### ABOUT THIS TASK
Every line of the listing below should be written out exactly, minus its images.

### AVAILABLE DATA
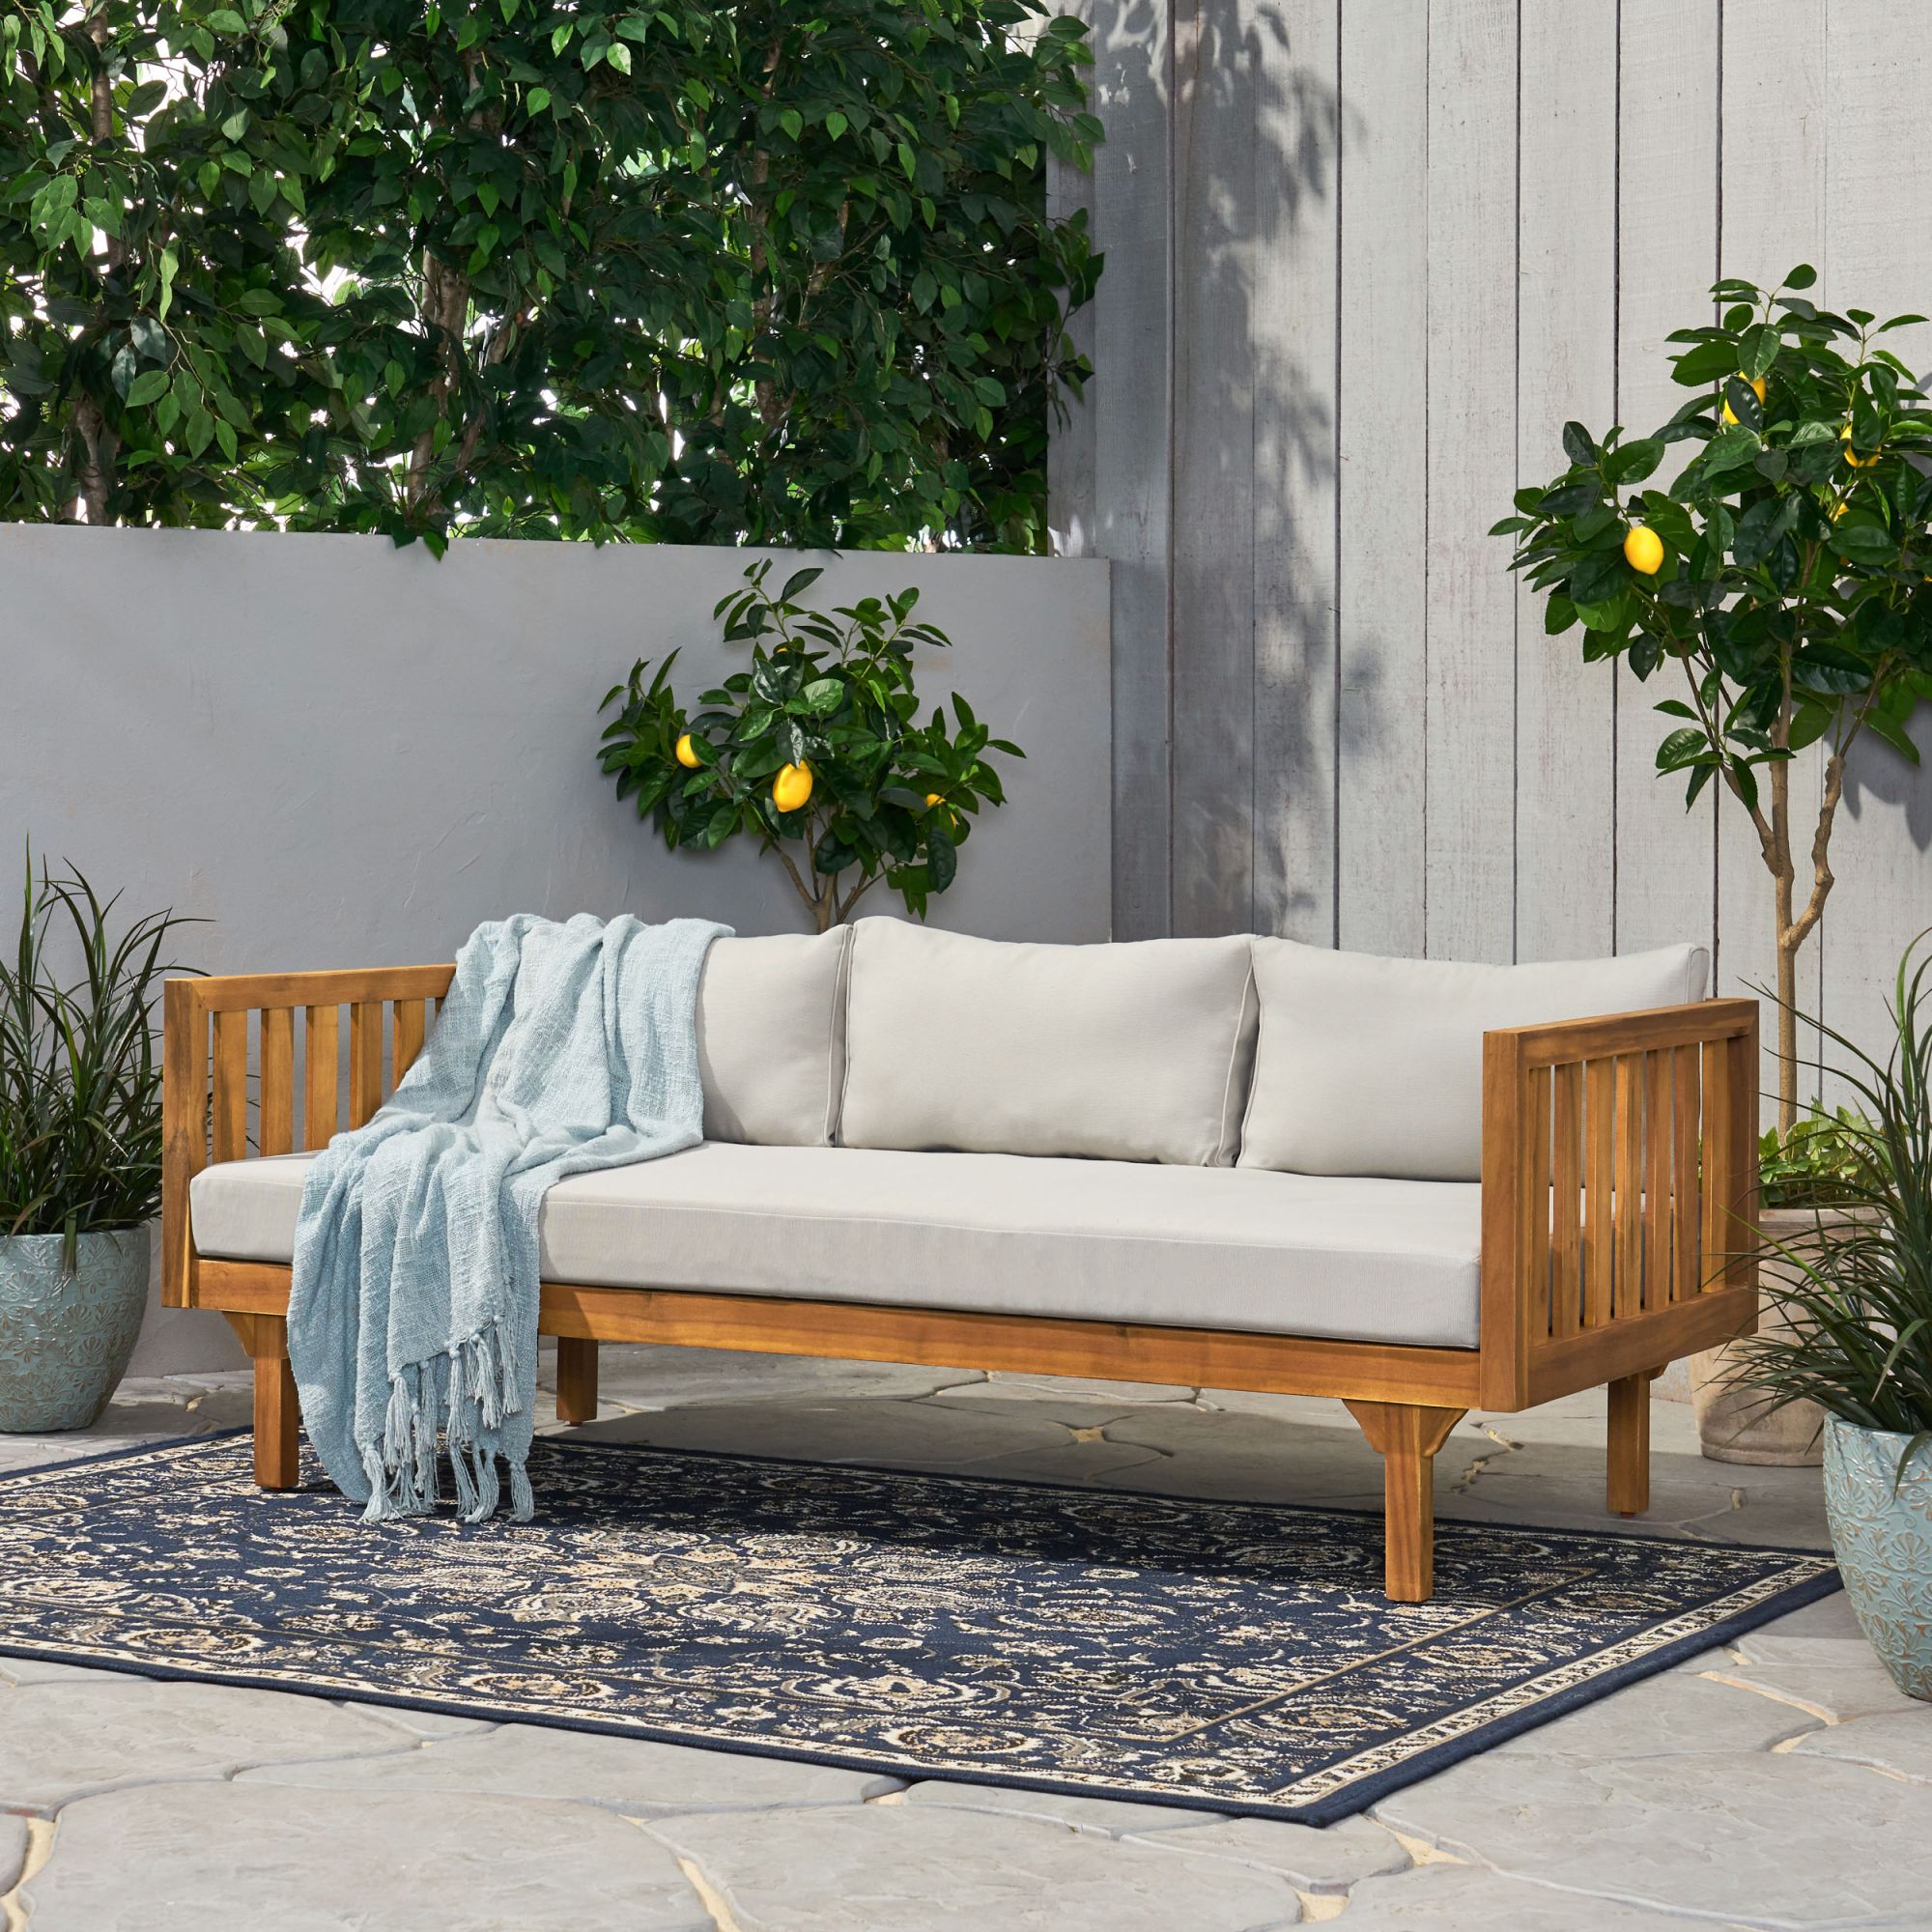 Claremont Outdoor 3 Seater Acacia Wood Daybed, Teak and Beige in
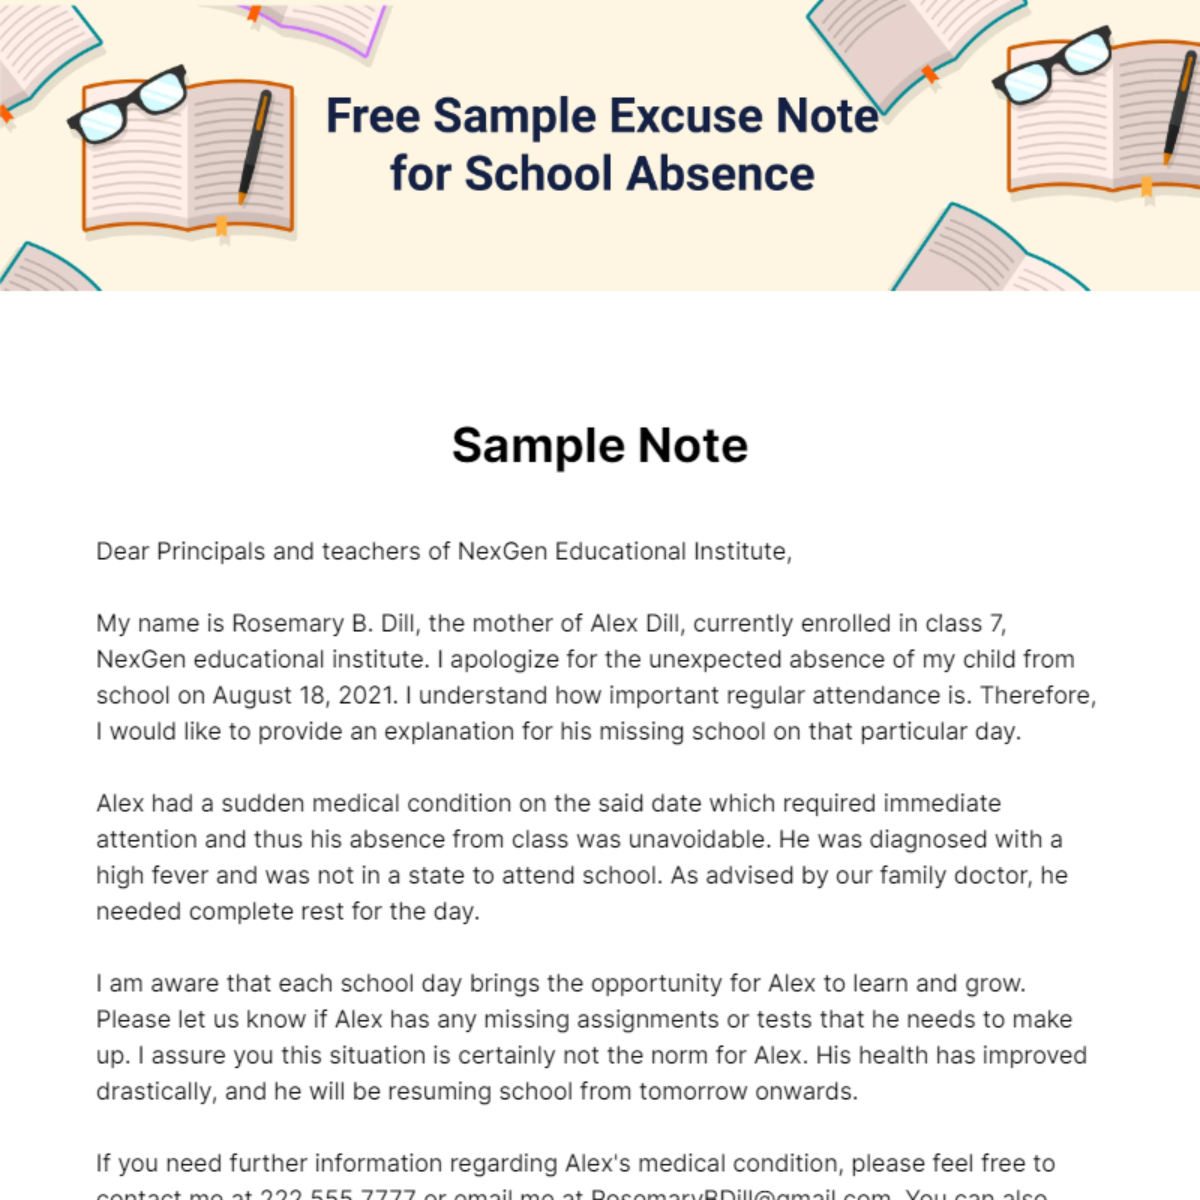 Sample Excuse Note for School Absence Template
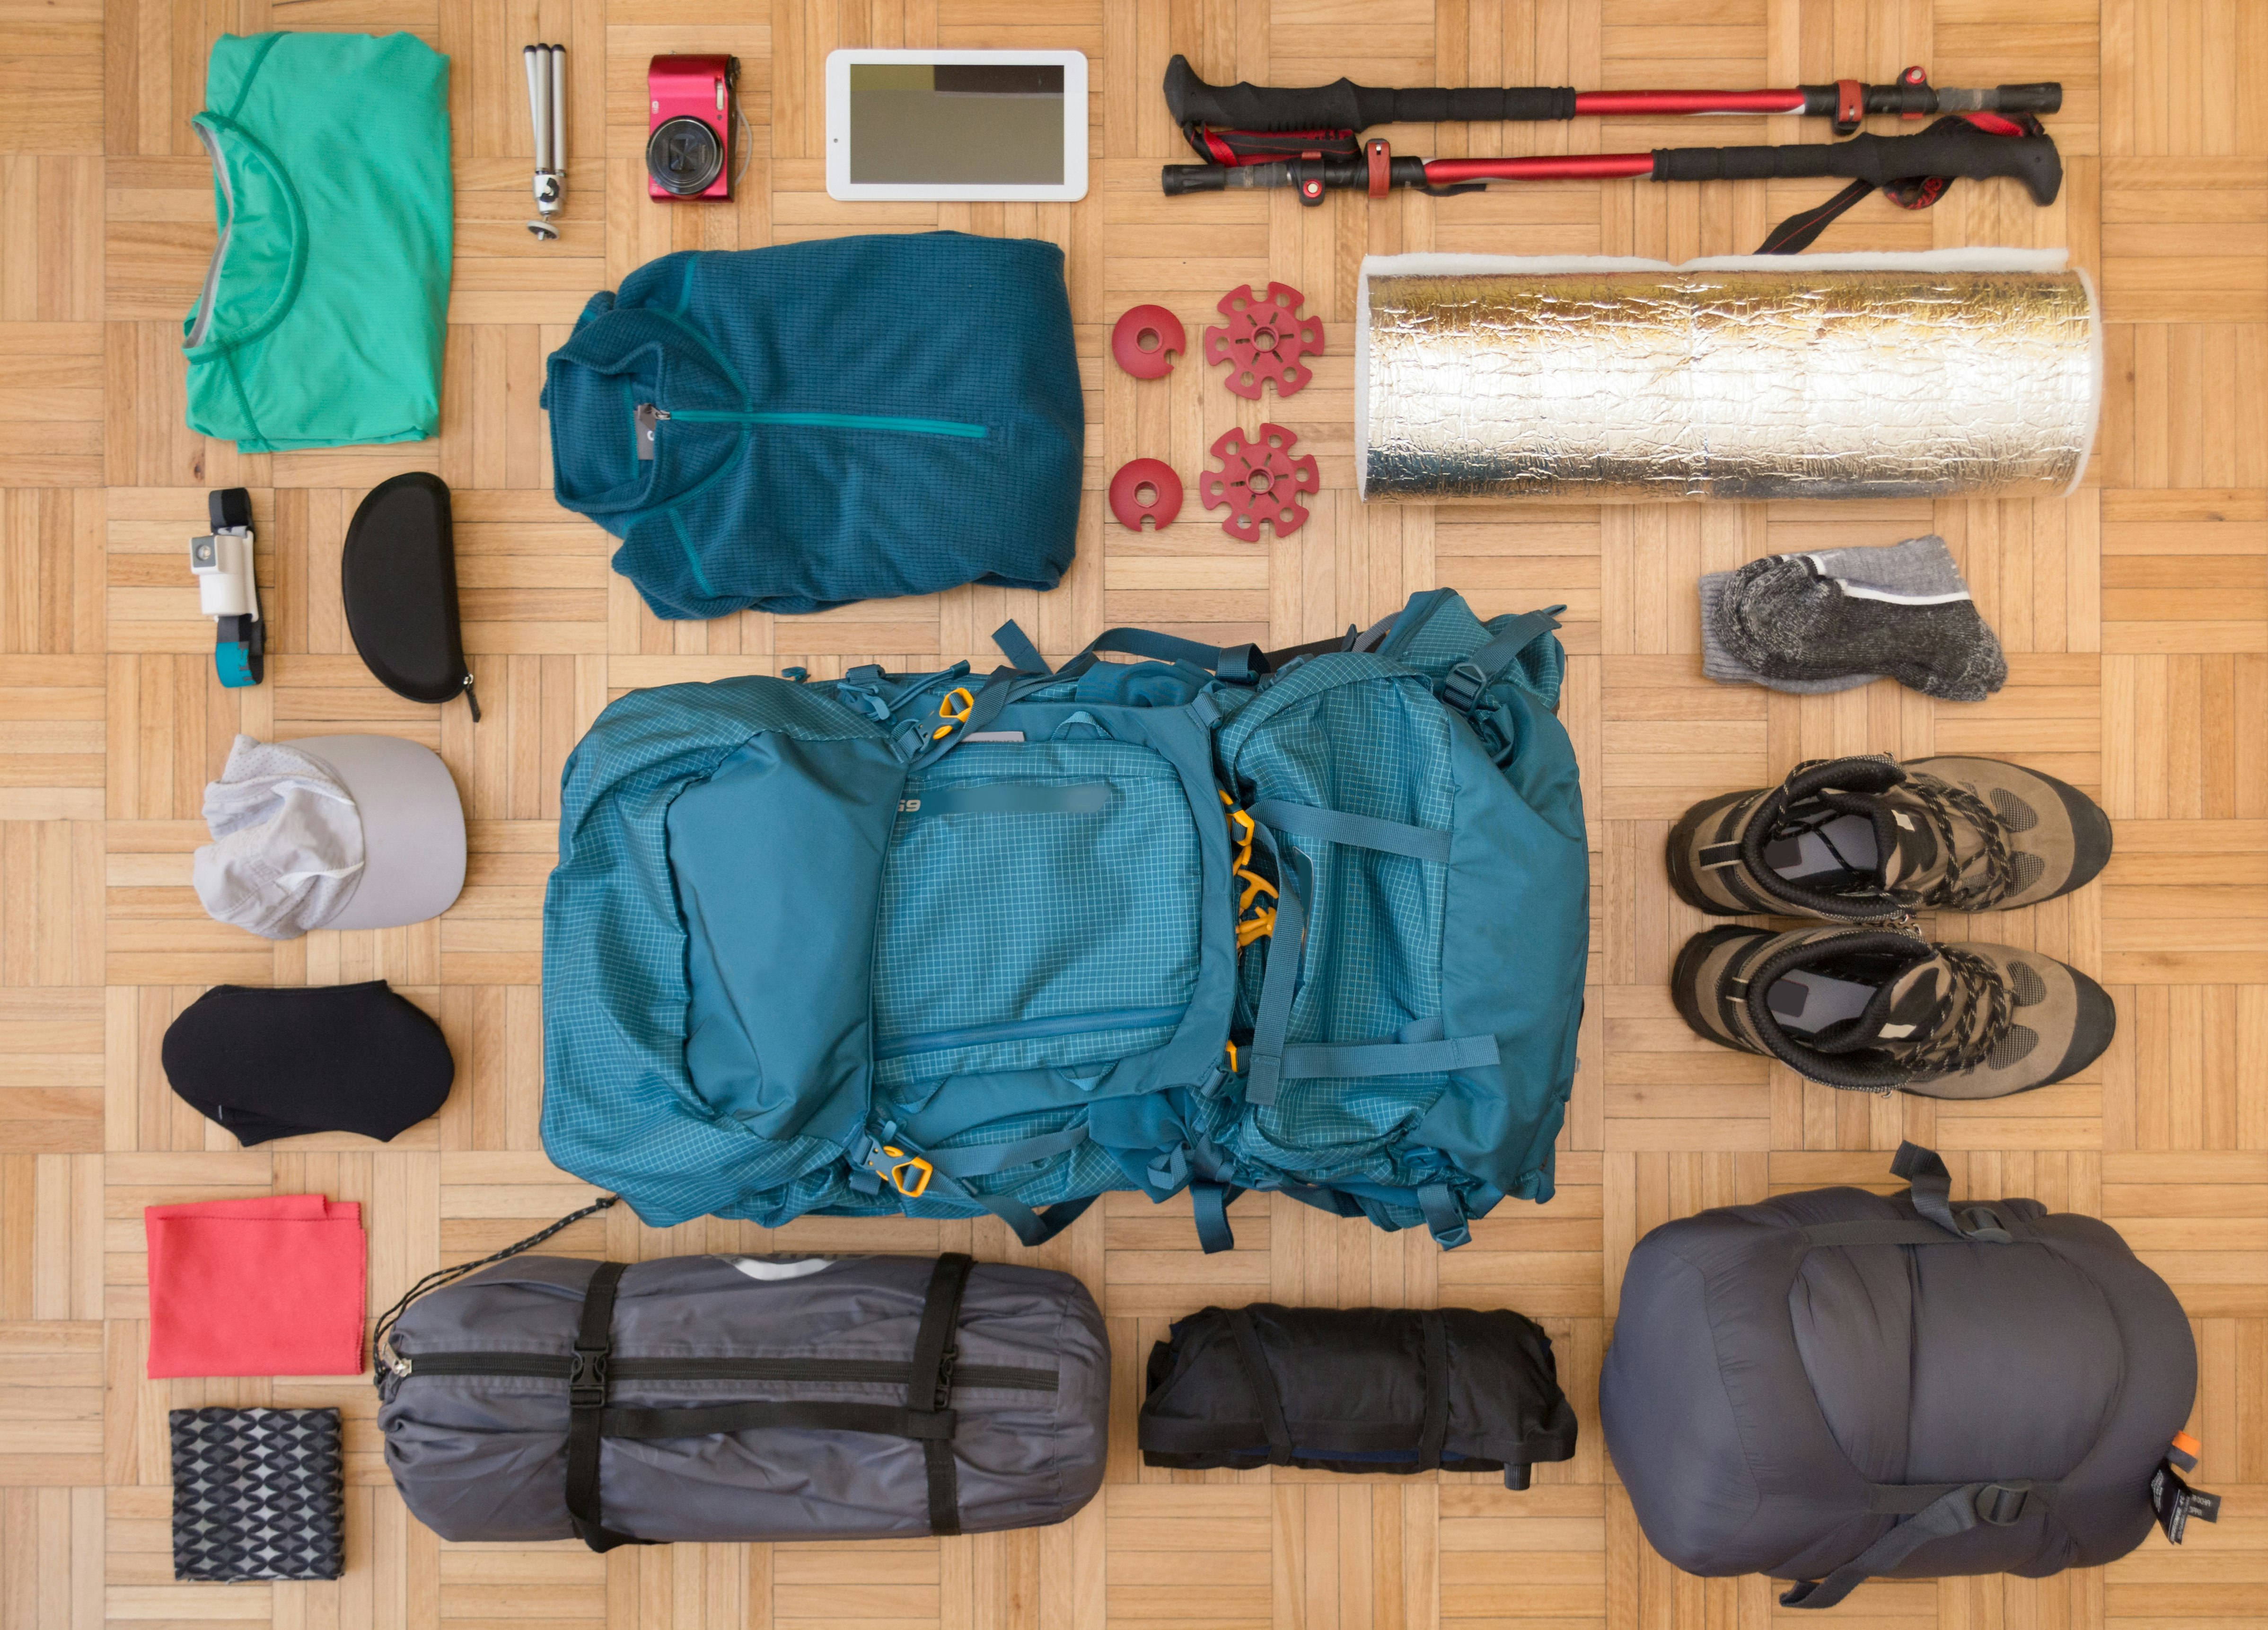 Individual items in a camping kit, including a backpack, bedroll, tent in a bag, boots, trekking poles, etc, are laid out on a parquet floor and shot from above, flatlay style

### COMPLETED EXERCISE
 Claremont Outdoor 3 Seater Acacia Wood Daybed, Teak and Beige in
 Sample Excuse Note for School Absence Template
 Individual items in a camping kit, including a backpack, bedroll, tent in a bag, boots, trekking poles, etc, are laid out on a parquet floor and shot from above, flatlay style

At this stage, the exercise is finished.